For its calyx I’d give the pupil of my eye as ransom
Along with all the goods and chattels I hold dear!
3.12.8
“‘She (all tickled up) then says, “But the veins in which one’s blood pulses are not only in one’s hand and one’s heart; they are in all one’s members, which means that we ought to feel every member we have to find out which of us is the more charged, the more shaken, the more disturbed, the more pulsating, the more simmering, the more throbbing, the more constricted, and the more bursting at the veins, since it is incorrect to pass judgment on anything without first subjecting it to thorough investigation and examination.” And he (ecstatic by now with passion and joy) says, “What truly truly truly excellent words you have spoken! At the same time, though, given that a person, while unaware of his own condition, may find it natural to notice in another what he does not in himself, this examination ought to be reciprocal, or in other words…” and here she interrupts him, saying, “I take your meaning, which is self-evident and calls for no explanation, and is just what I was going to say myself.

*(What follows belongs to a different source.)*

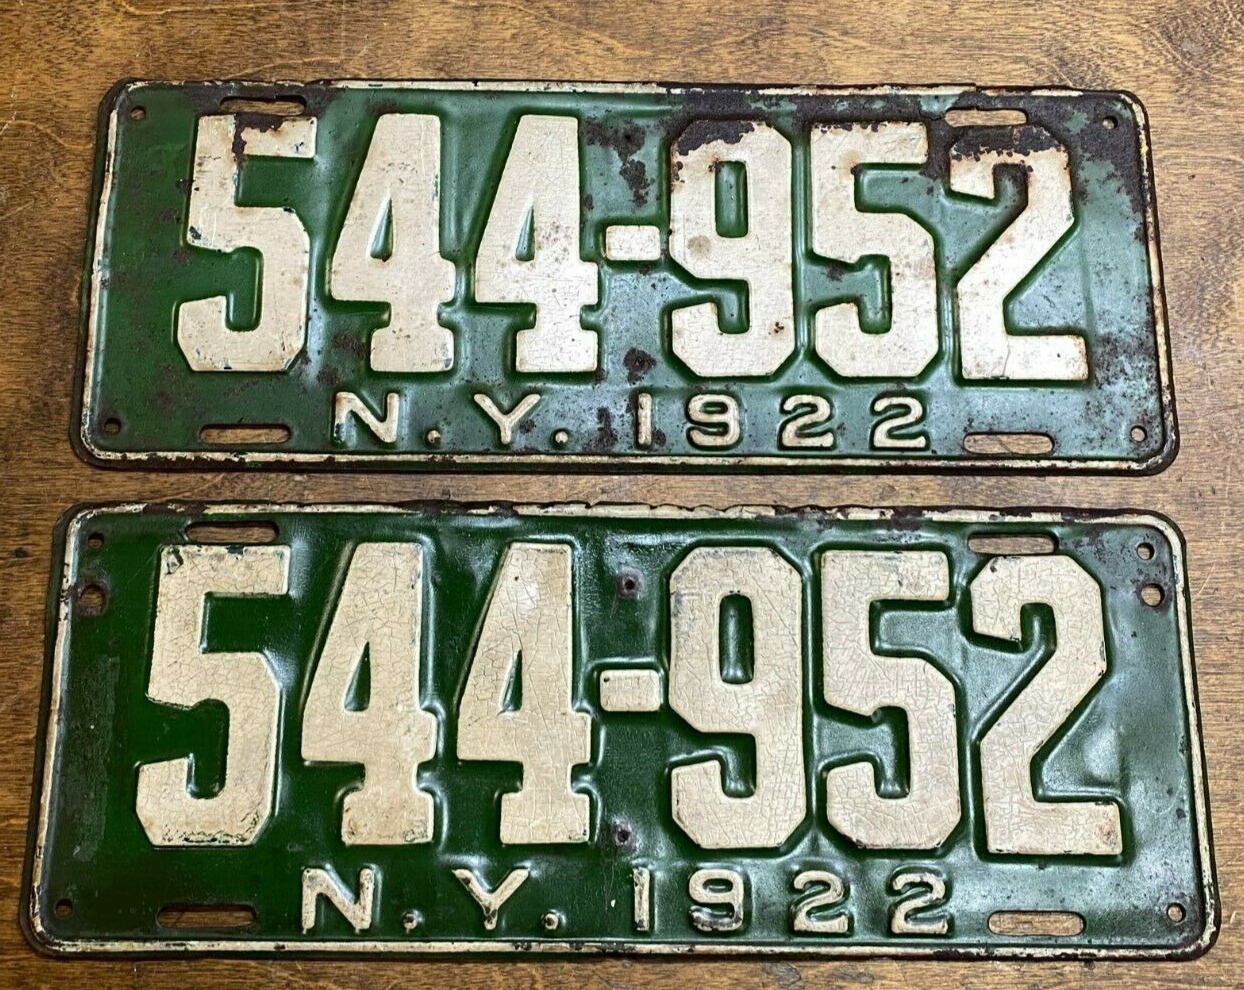 Pair of Antique 1922 NEW YORK Automobile License Plate / Vintage Car Tags

So give me your hand and take mine”—and so it continues until their hands have roamed all over, groping and grasping, swiping and wiping, searching and seeking, poking and stroking, squeezing and teasing, clasping and parting, slapping and tickling, rooting and rummaging, delving and digging, rubbing and pinching. She (throbbing as never before) now says, “Come closer! Come closer! What you said has, for both cases, proven to be true” and he says to her, “May your wishes be granted and your efforts aided! How often have I raised my arms in prayer that I might hear this call reanimating, this tune intoxicating…!”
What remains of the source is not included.